Alors que les cours du pétrole se dirigent tranquillement vers les 150 dollars, une information à propos d’une nouvelle découverte de la compagnie pétrolière Eni est presque passée inaperçue. En début de semaine dernière, la « major » italienne a annoncé avoir découvert un gisement de sables bitumineux en République du Congo. Montant estimé des réserves : 7 milliards de barils dont l’exploitation pourrait débuter en 2011. Il fut un temps où ce type d’annonce n’aurait présenté aucun intérêt mais, aujourd’hui, les sables bitumineux font l’objet d’une véritable course de vitesse à l’échelle mondiale.
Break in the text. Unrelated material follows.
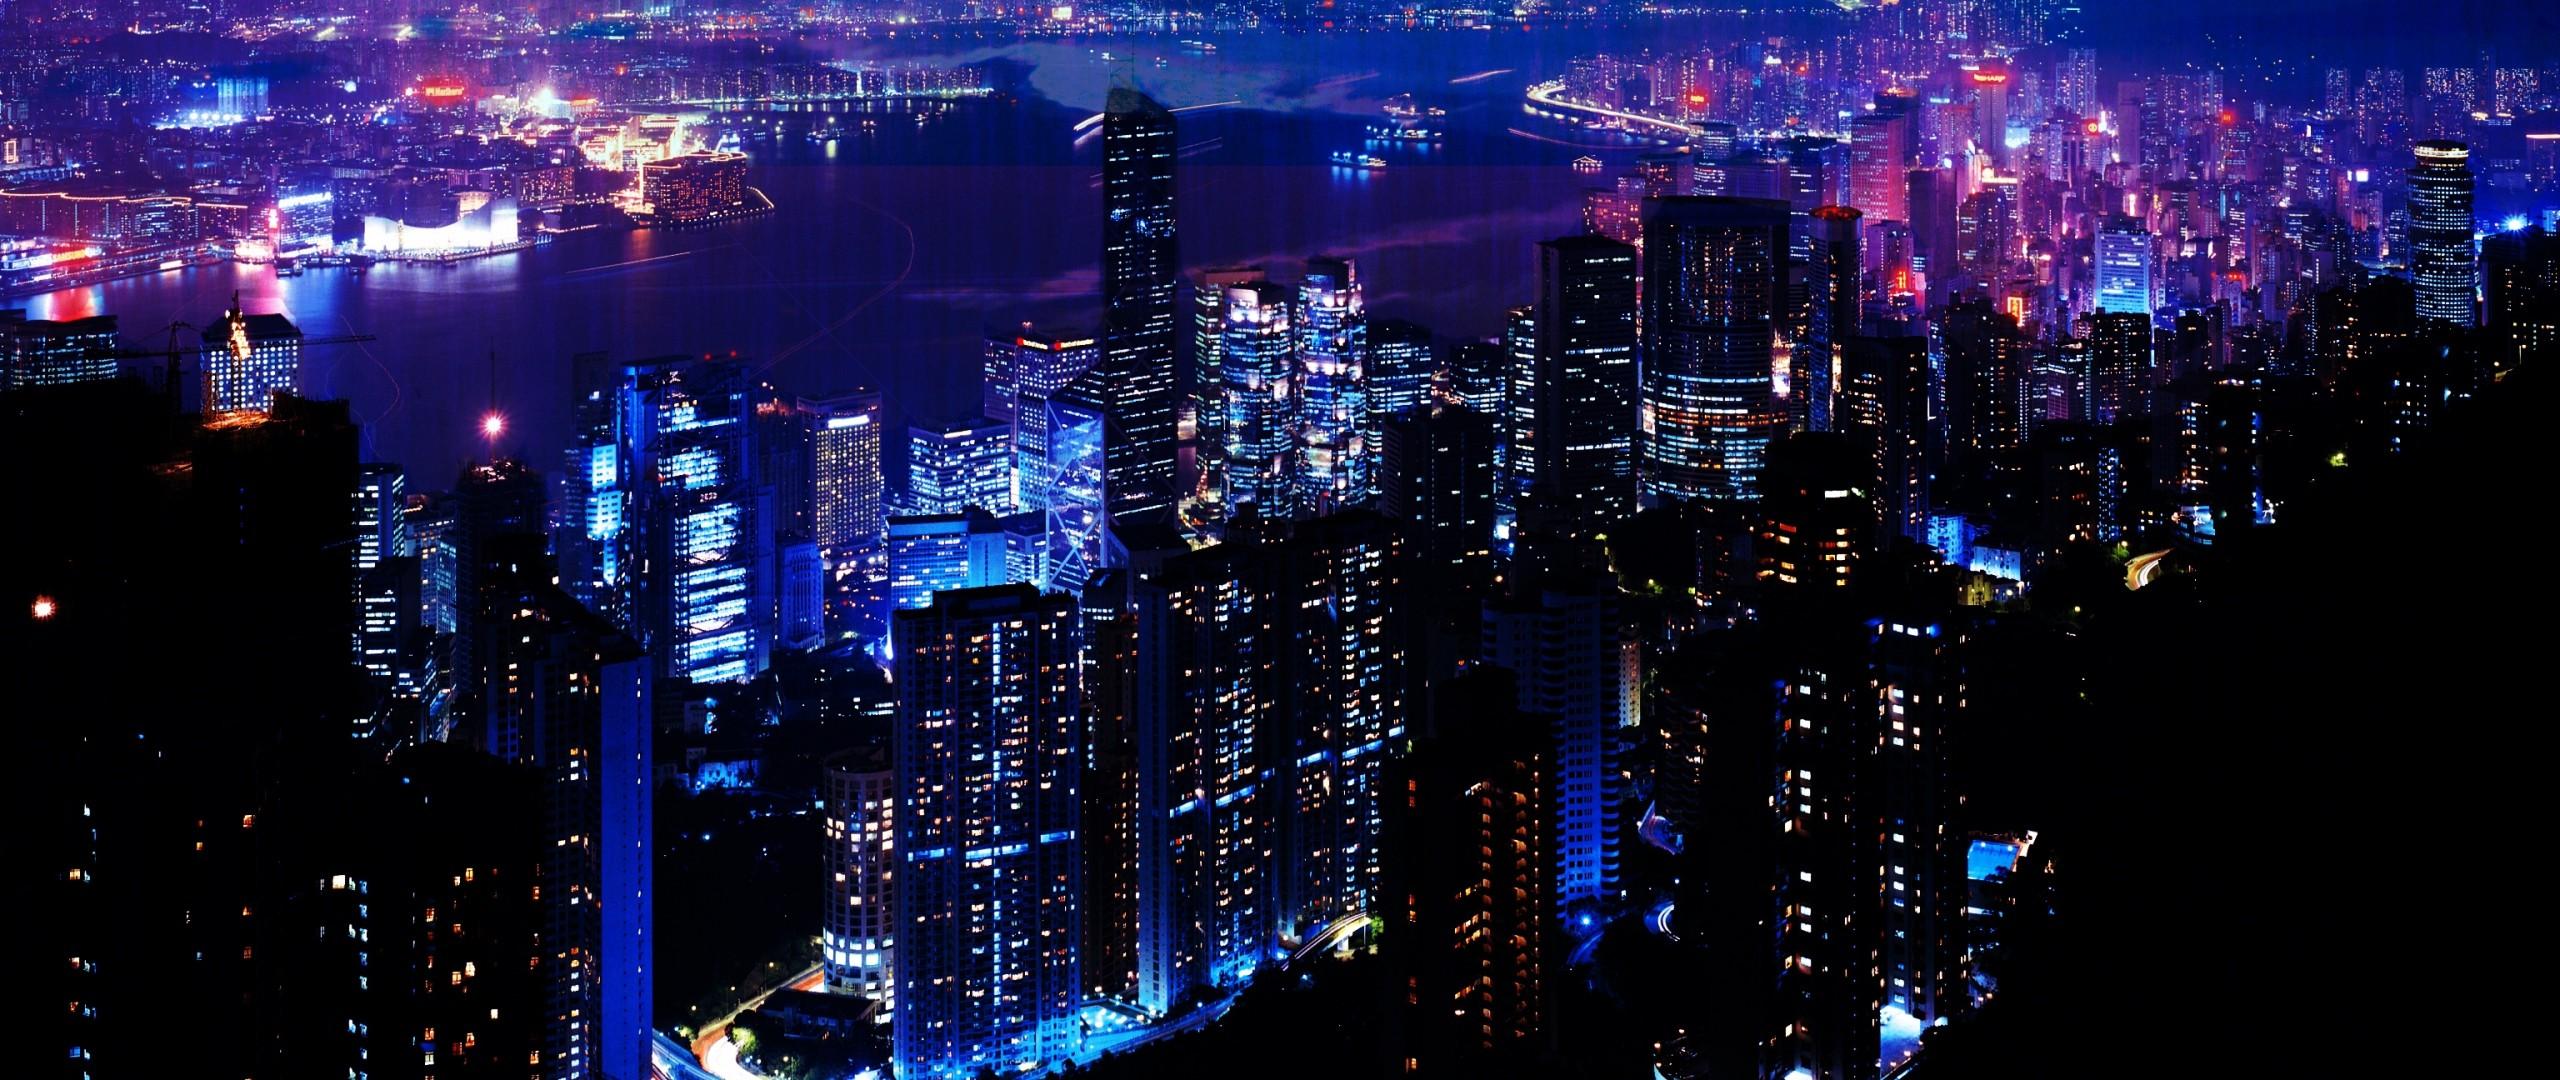 Wallpaper night, city, sky, skyscrapers

Commençons par expliquer de quoi il s’agit. En matière de pétrole, on peut distinguer le brut conventionnel et le non-conventionnel. Dans le premier cas, il s’agit du pétrole habituel que l’on peut exploiter normalement d’un bout à l’autre de la planète. Inutile de rappeler que dans cette catégorie, les pays du Golfe, et de façon plus générale ceux de l’Organisation des pays exportateurs de pétrole (Opep), tiennent le haut du pavé en matière de réserves prouvées.

Le Canada et le Venezuela, géants du brut non-conventionnel

A l’inverse, le pétrole non-conventionnel nécessite des technologies d’extraction et de raffinage plus coûteuses. Et ce n’est que parce que le baril de pétrole est actuellement à 130 dollars qu’il est rentable d’exploiter ce type d’hydrocarbures. Dans le cas des sables bitumineux, il s’agit d’un pétrole quasiment solide qu’il est nécessaire de liquéfier pour pouvoir le transporter et le raffiner. La problématique est identique pour le pétrole ultra-lourd qu’il faut aussi fluidifier avant de l’exploiter.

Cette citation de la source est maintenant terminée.